MP Eleitoral pede ao TRE-DF que barre a candidatura de Arruda ao GDF

agosto 20, 2026
Fachada do Fórum Desembargador Joaquim de Sousa Neto, do TJDFT, em Brasília

A Procuradoria Regional Eleitoral do Distrito Federal pediu ao Tribunal Regional Eleitoral do DF que negue o registro da candidatura de José Roberto Arruda (PSD) ao Governo do Distrito Federal, com o argumento de que o ex-governador está inelegível até 2030.

A ação foi assinada pelo procurador regional eleitoral Francisco Guilherme Vollstedt Bastos. Segundo a manifestação, Arruda soma sete condenações por ato doloso de improbidade administrativa, e seis delas foram proferidas há menos de oito anos da eleição de 4 de outubro deste ano.

Todas as condenações citadas foram confirmadas pelo Tribunal de Justiça do Distrito Federal e dos Territórios, órgão colegiado, requisito exigido pela Lei da Ficha Limpa para que a inelegibilidade produza efeito.

O ponto jurídico em disputa

A discussão central não é sobre a existência das condenações, que não são contestadas, mas sobre como contá-las depois da mudança promovida pela Lei Complementar 219, de 2025, no artigo 1º, inciso I, alínea “l”, da Lei Complementar 64, de 1990.

Para o Ministério Público Eleitoral, cada condenação colegiada proferida nos oito anos anteriores ao pleito deve ser considerada de forma autônoma, porque não há identidade de pedido nem de causa de pedir entre elas.
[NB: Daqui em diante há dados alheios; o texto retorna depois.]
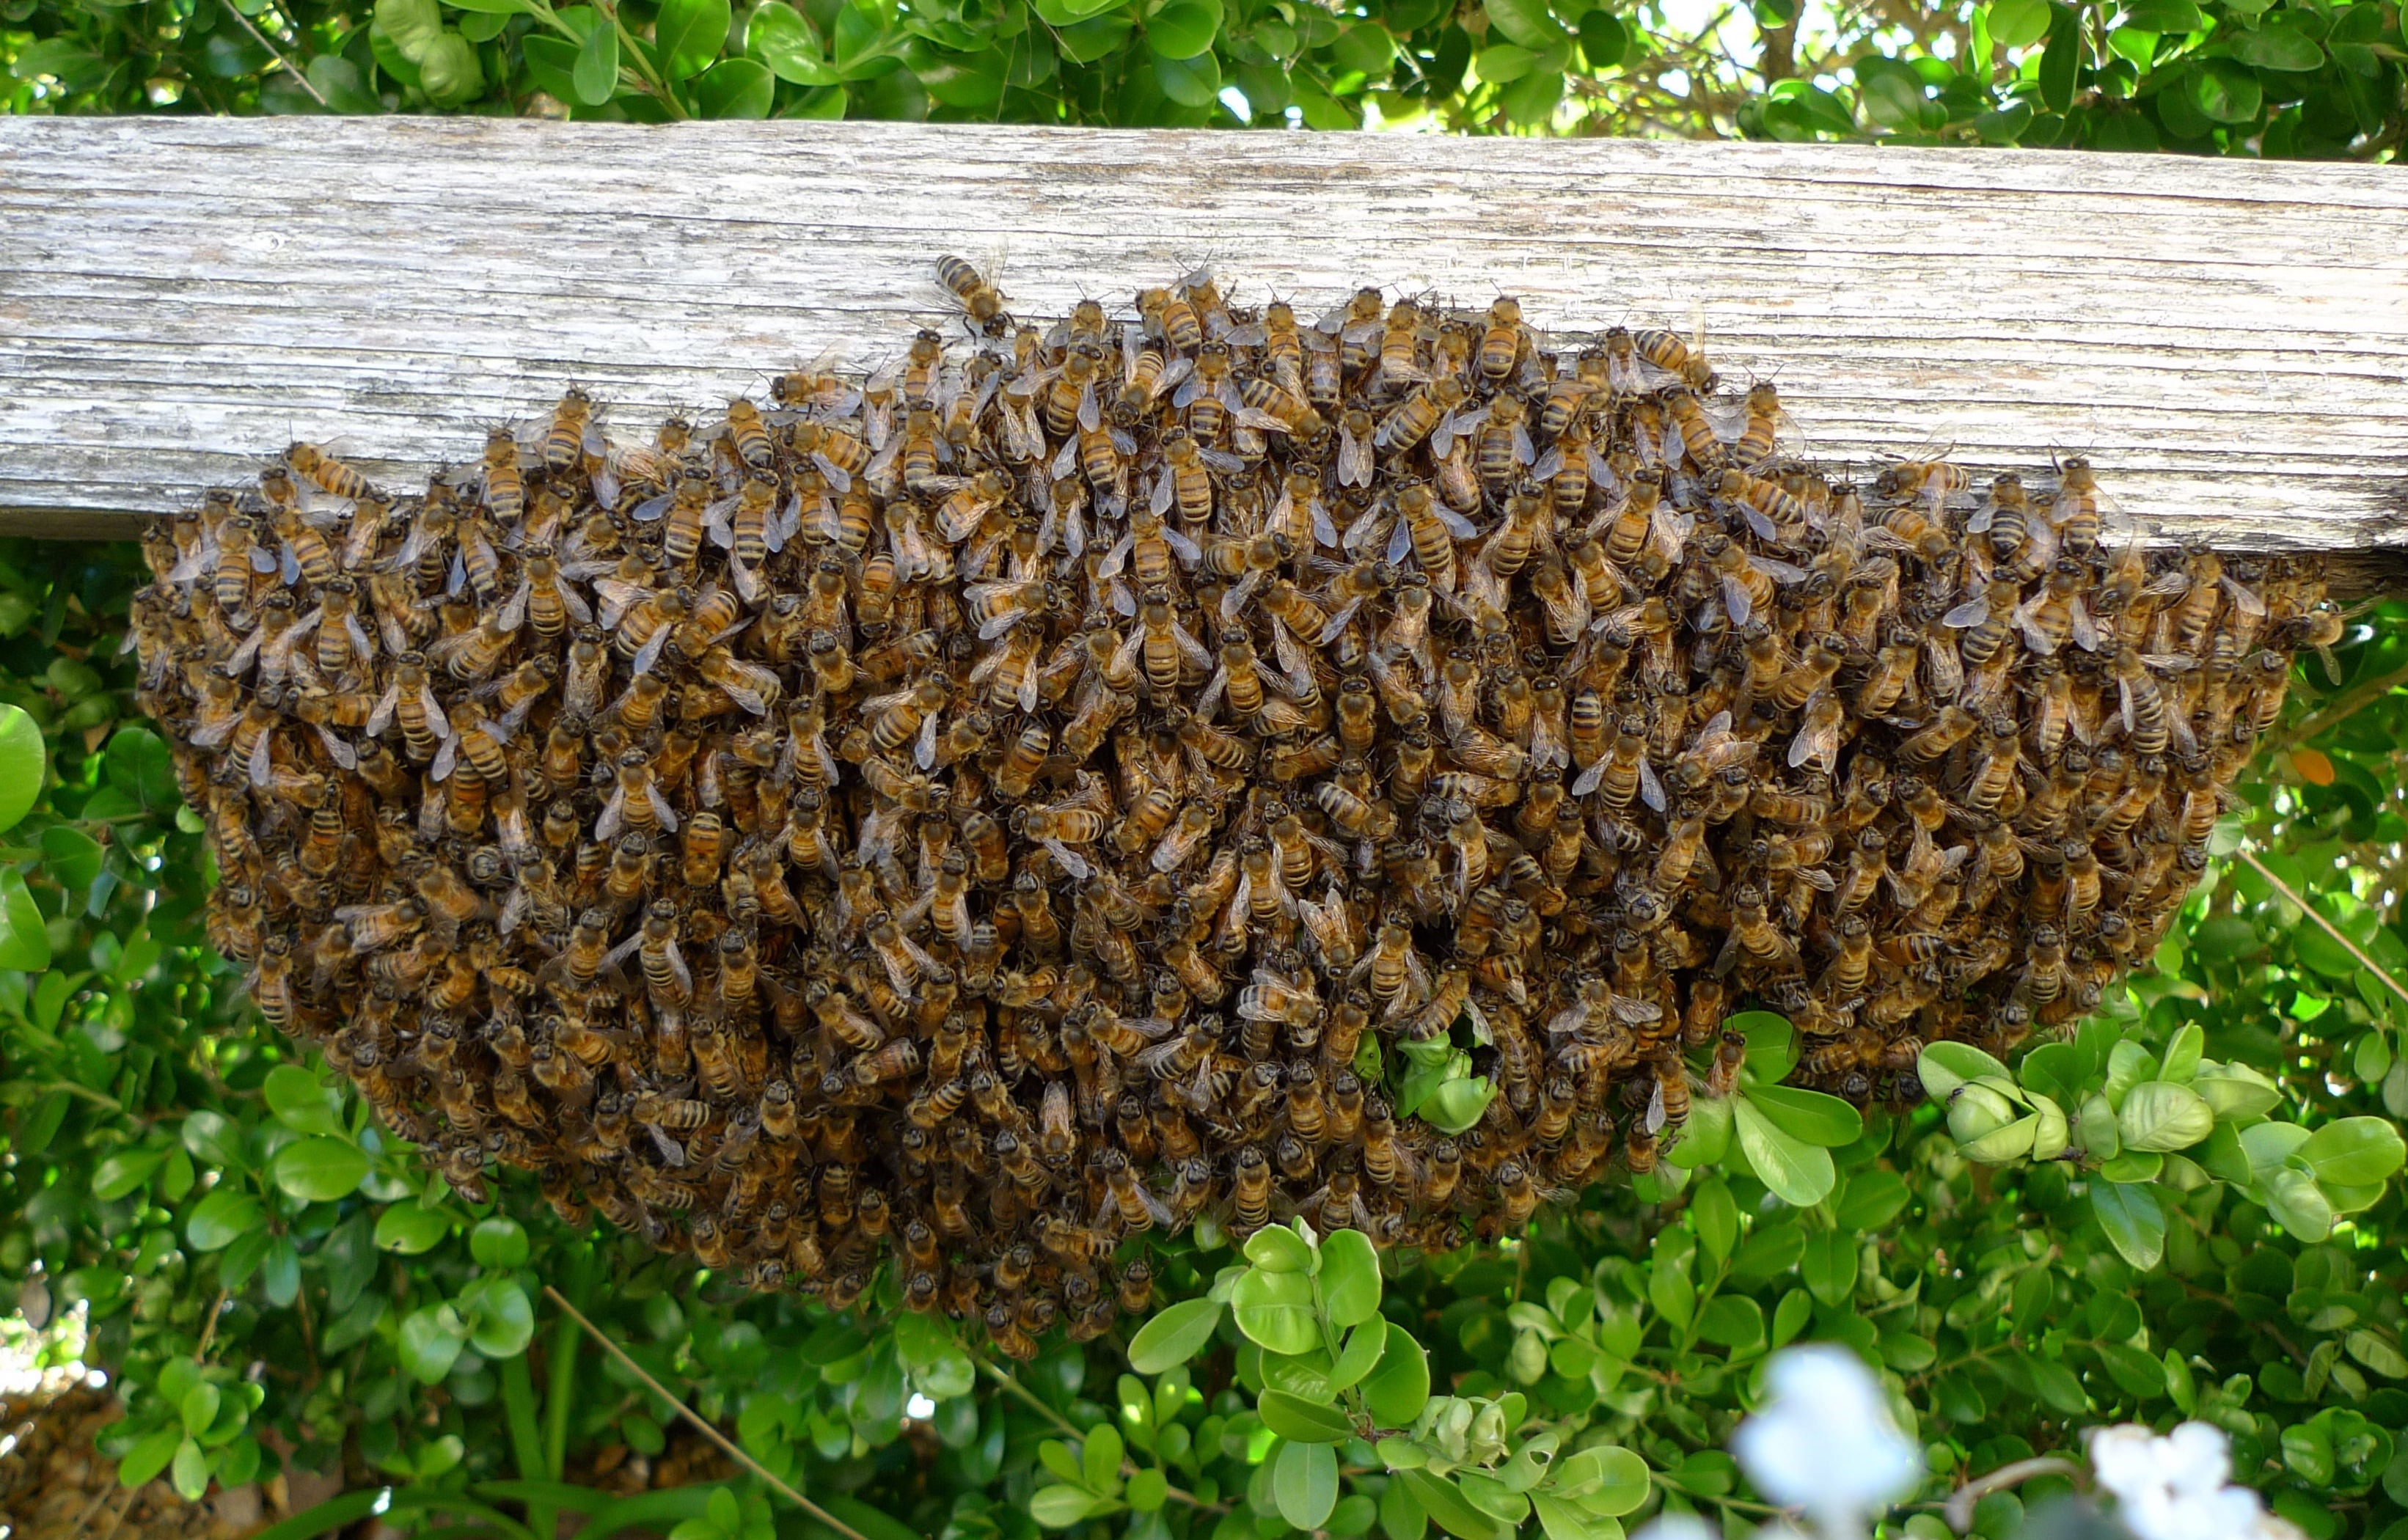 В чем причина меньшей ройности пчел в некоторых ульях и как это объяснить?

Por esse cálculo, a inelegibilidade se estende até dezembro de 2030.

A defesa de Arruda sustenta o oposto. Para os advogados, os processos são conexos, tratam do mesmo conjunto de fatos e devem ser contados uma única vez. Com essa leitura, o prazo de inelegibilidade teria se encerrado em junho deste ano, o que liberaria o ex-governador para disputar a eleição.

As condenações têm origem na Operação Caixa de Pandora, deflagrada em novembro de 2009, que investigou um esquema de propina no governo do Distrito Federal e levou à cassação de Arruda em 2010.

O que acontece a partir de agora

O pedido do Ministério Público Eleitoral se soma a outra contestação já protocolada. Em 15 de agosto, um candidato adversário havia entrado com pedido de impugnação do registro de Arruda no TRE-DF, também com base na Lei da Ficha Limpa.

O rito é o seguinte:

  • o candidato apresenta defesa nos autos do registro;
  • o TRE-DF julga o pedido de registro em sessão do pleno;
  • da decisão cabe recurso ao Tribunal Superior Eleitoral;
  • enquanto não houver decisão definitiva, o candidato pode fazer campanha e ter o nome na urna, com votos contabilizados sub judice.

O Ministério Público Eleitoral atua como fiscal da lei nesses processos e pode se manifestar mesmo sem provocação de adversário. Diferentemente da impugnação apresentada por candidato, que depende de prazo e de legitimidade específica, a manifestação da procuradoria acompanha o pedido de registro até a decisão final.

Na prática, isso significa que o eleitor do Distrito Federal pode chegar a 4 de outubro sem uma palavra final sobre o caso. A jurisprudência eleitoral admite que candidaturas sub judice sejam votadas, e a validade dos votos só é definida quando o processo se encerra.

Arruda aparece em segundo lugar nas pesquisas divulgadas em agosto para o Palácio do Buriti e mantém agenda de campanha nas regiões administrativas. O TRE-DF ainda não marcou a data de julgamento do registro.

A alínea invocada pelo Ministério Público é uma das mais usadas em contestações de registro. Ela torna inelegível quem foi condenado, em decisão de órgão colegiado, por ato doloso de improbidade administrativa que tenha causado dano ao erário e resultado em enriquecimento ilícito. O prazo de oito anos é contado a partir da decisão colegiada.

A eleição no Distrito Federal tem uma das disputas mais concorridas do país em número de pretendentes. O TRE-DF recebeu 640 pedidos de registro de candidatura para o pleito deste ano, dez deles para o Governo do Distrito Federal, o que amplia a chance de contestações cruzadas entre adversários.

Além do pedido do Ministério Público e da impugnação apresentada por um candidato, o registro de Arruda já havia sido alvo de questionamentos anteriores baseados no mesmo conjunto de condenações. A diferença agora é a interpretação da lei aprovada em 2025, que redefiniu a contagem do prazo e é o ponto que o TRE-DF terá de resolver.

O prazo legal aponta para uma definição antes do primeiro turno: a Justiça Eleitoral tem até 20 dias antes da votação para julgar os pedidos de registro em primeira instância, embora recursos possam se estender além dessa data.